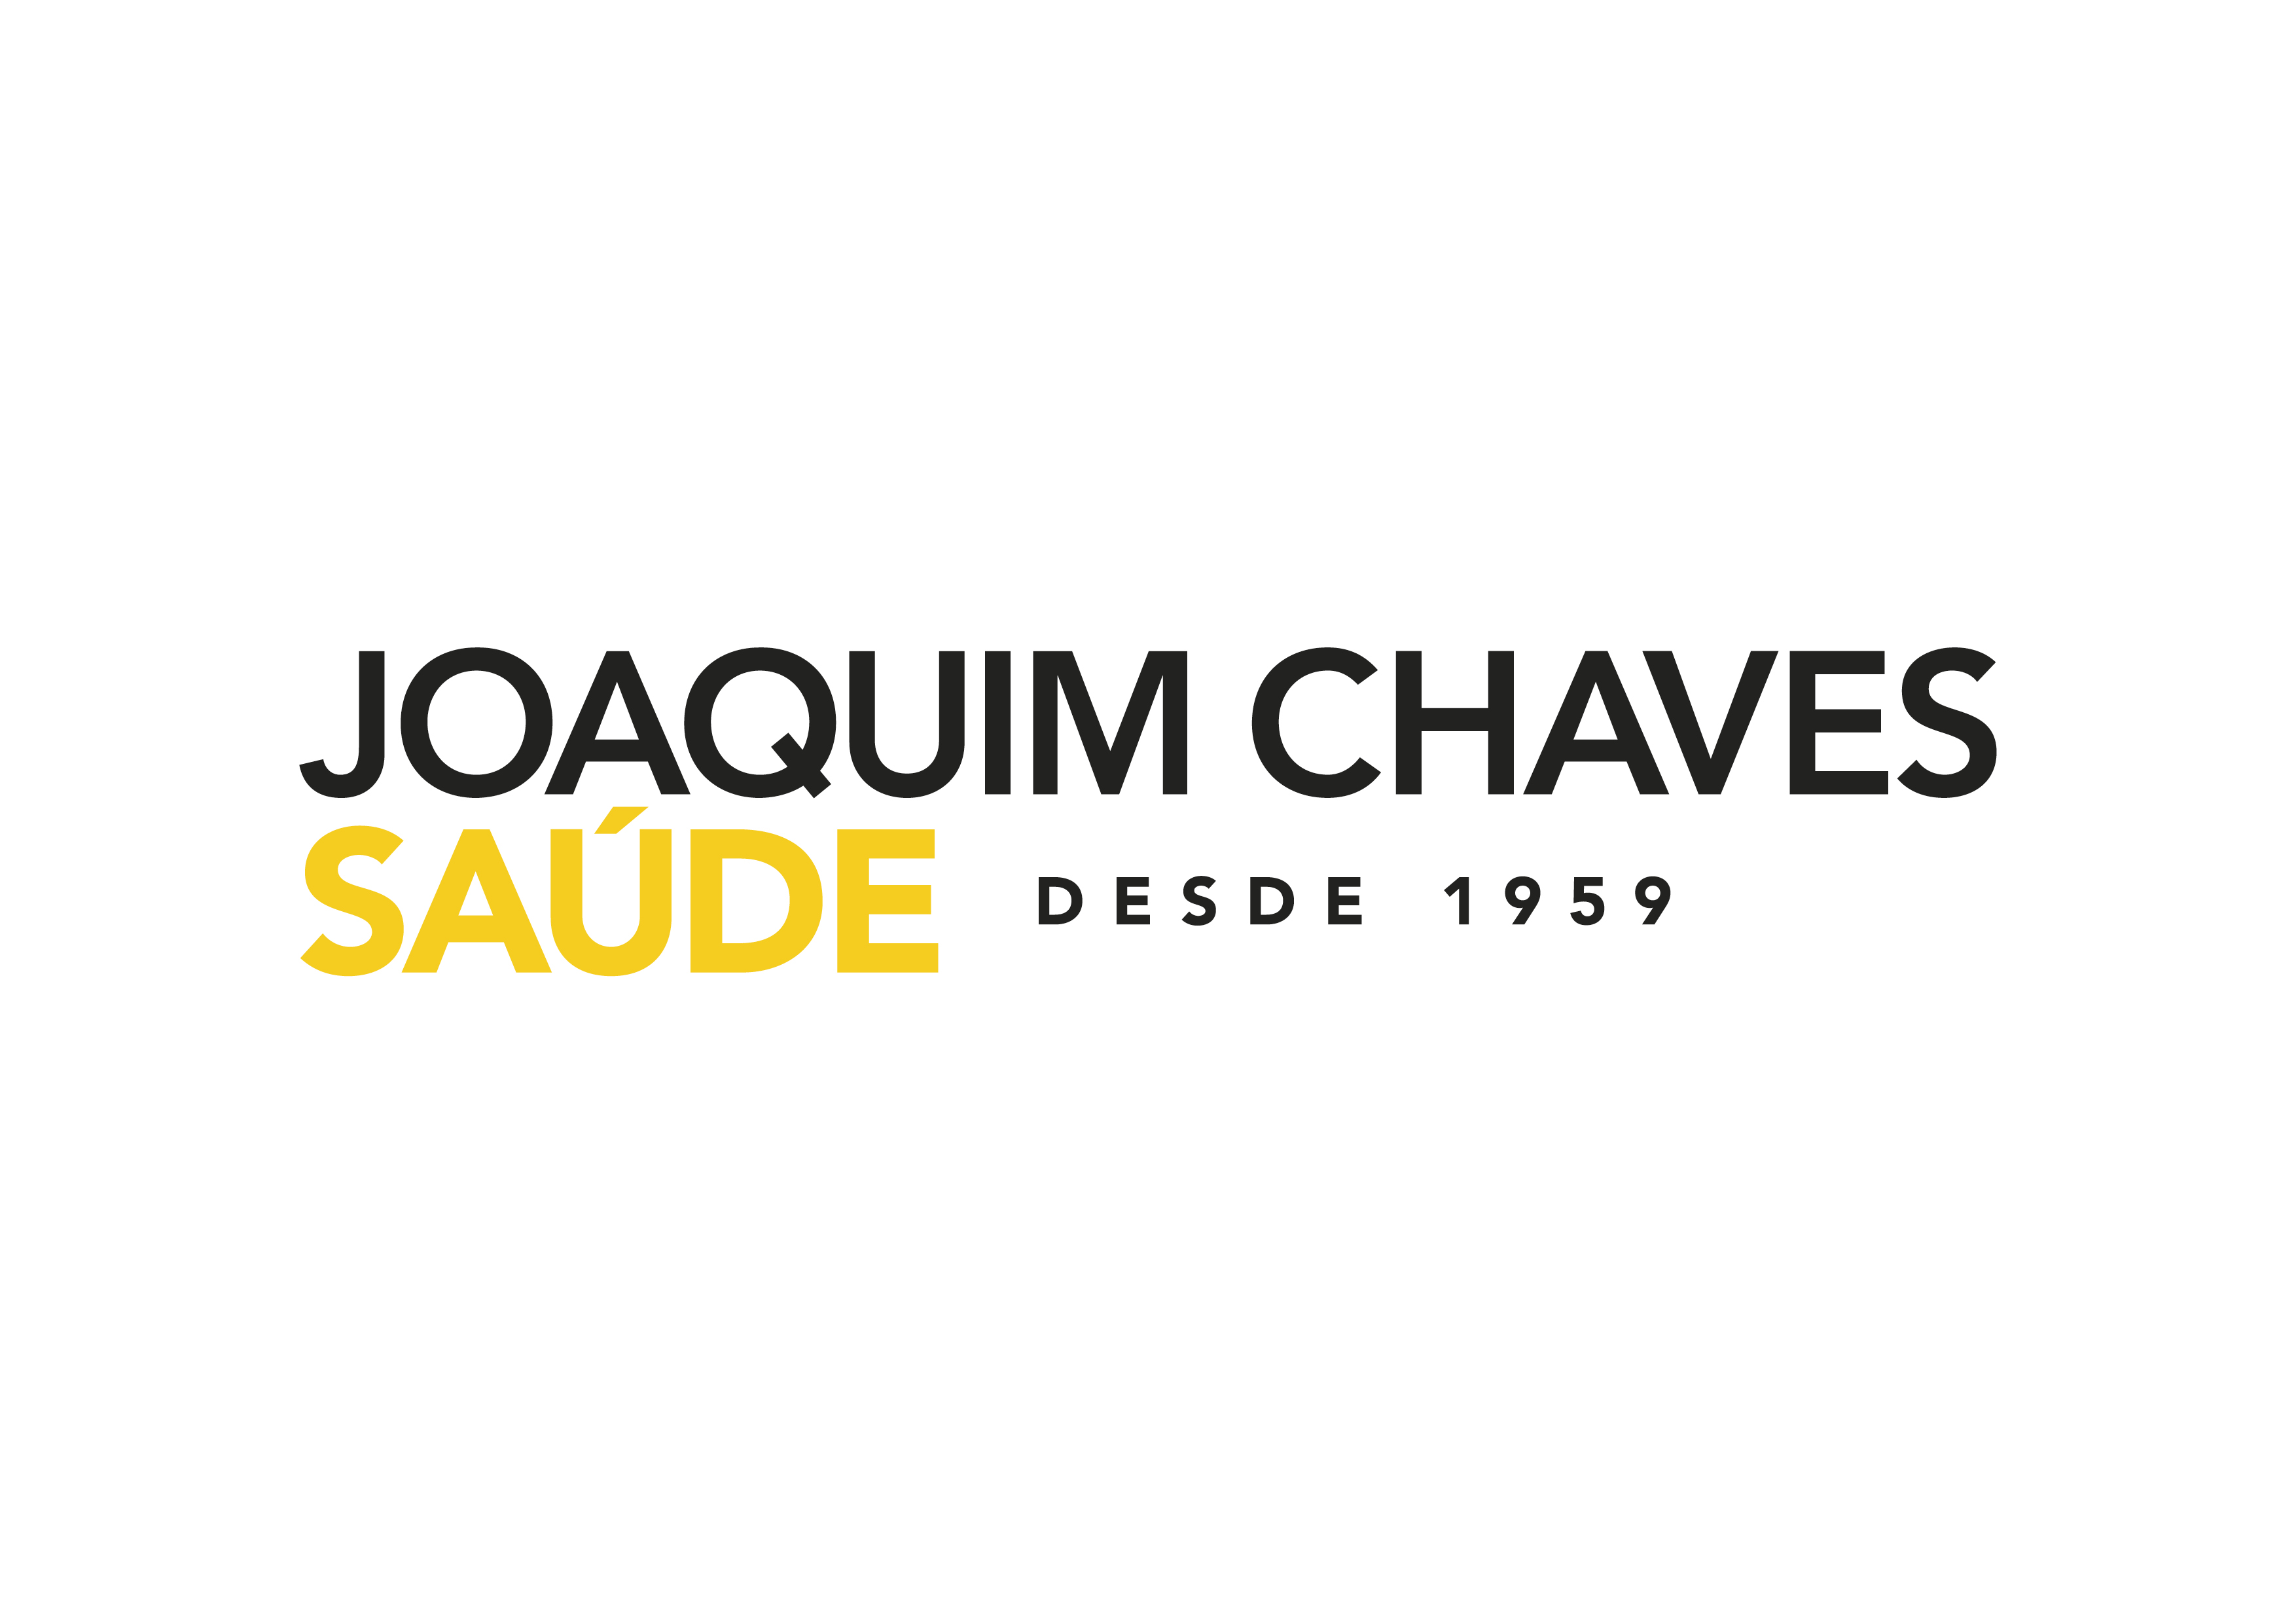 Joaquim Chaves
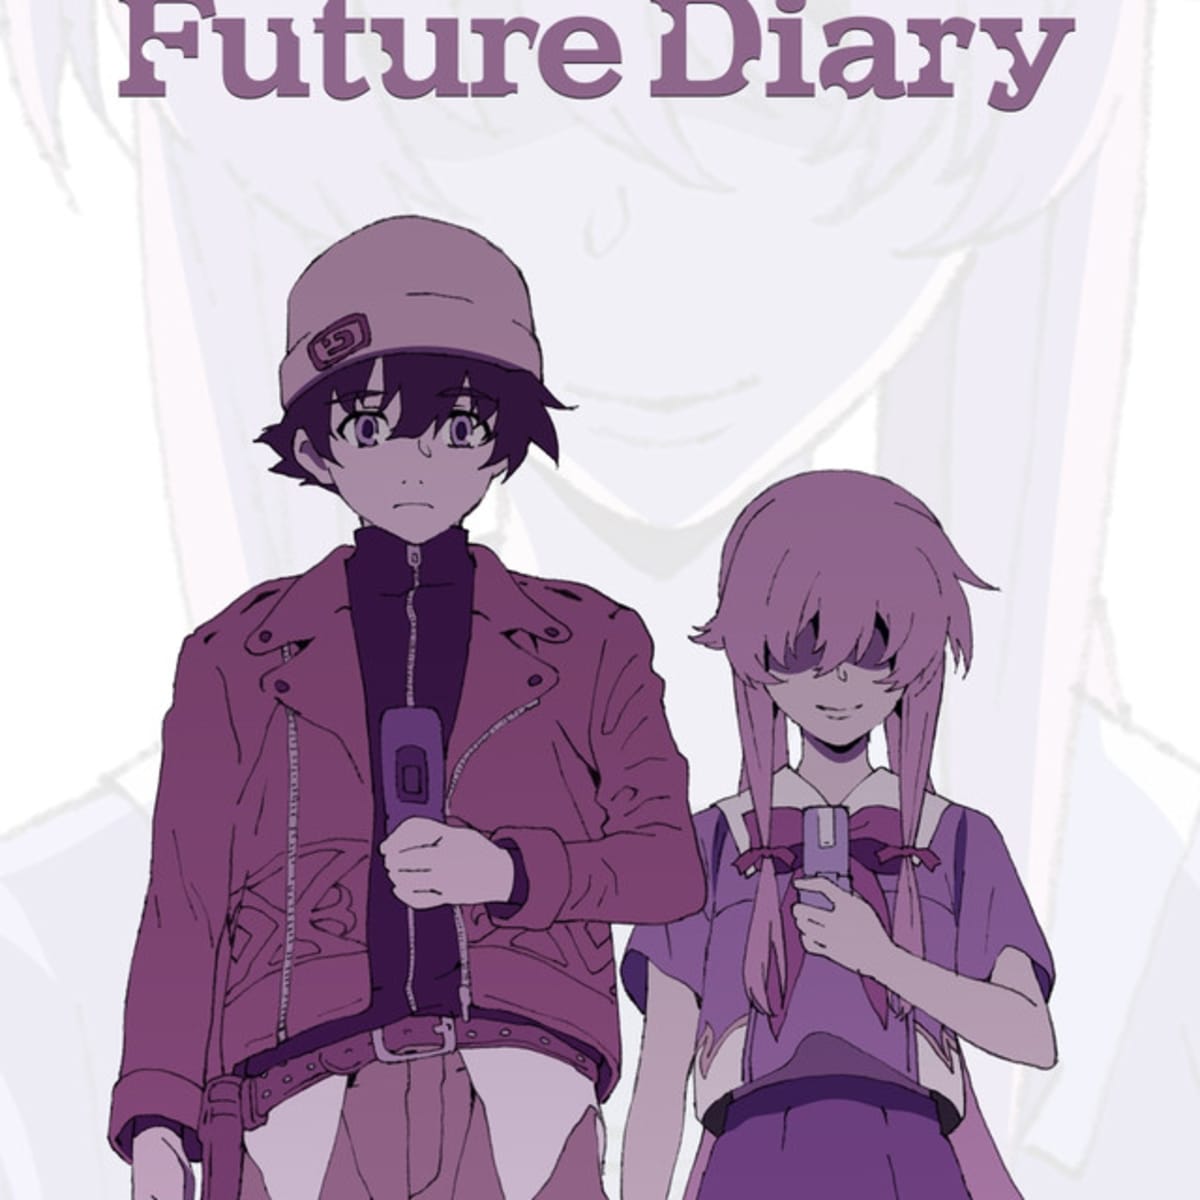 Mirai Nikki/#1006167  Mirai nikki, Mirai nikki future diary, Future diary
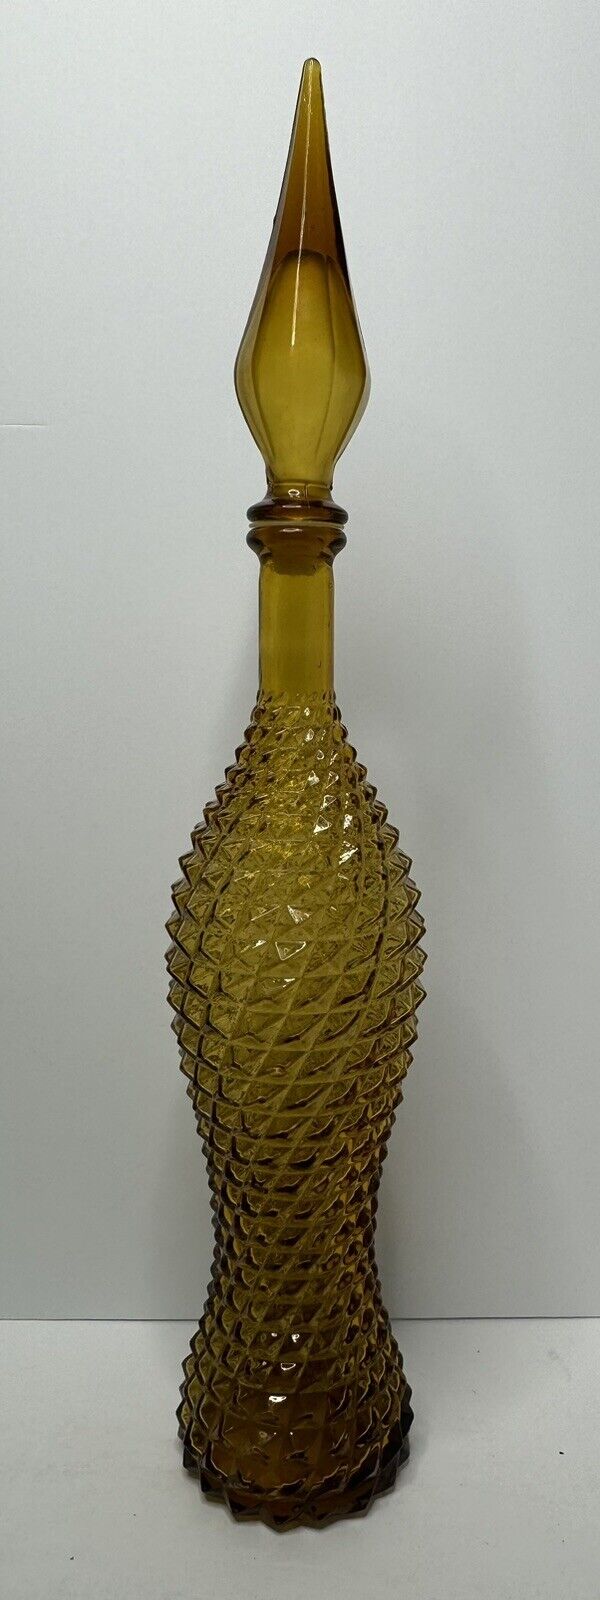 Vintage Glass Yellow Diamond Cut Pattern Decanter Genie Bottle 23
####
» **Exercise brief**:
Before writing out the material above, please remove its pictures; everything else stays exact.

» **Exercise answer**:
 Joaquim Chaves
 Mirai Nikki/#1006167  Mirai nikki, Mirai nikki future diary, Future diary
 Vintage Glass Yellow Diamond Cut Pattern Decanter Genie Bottle 23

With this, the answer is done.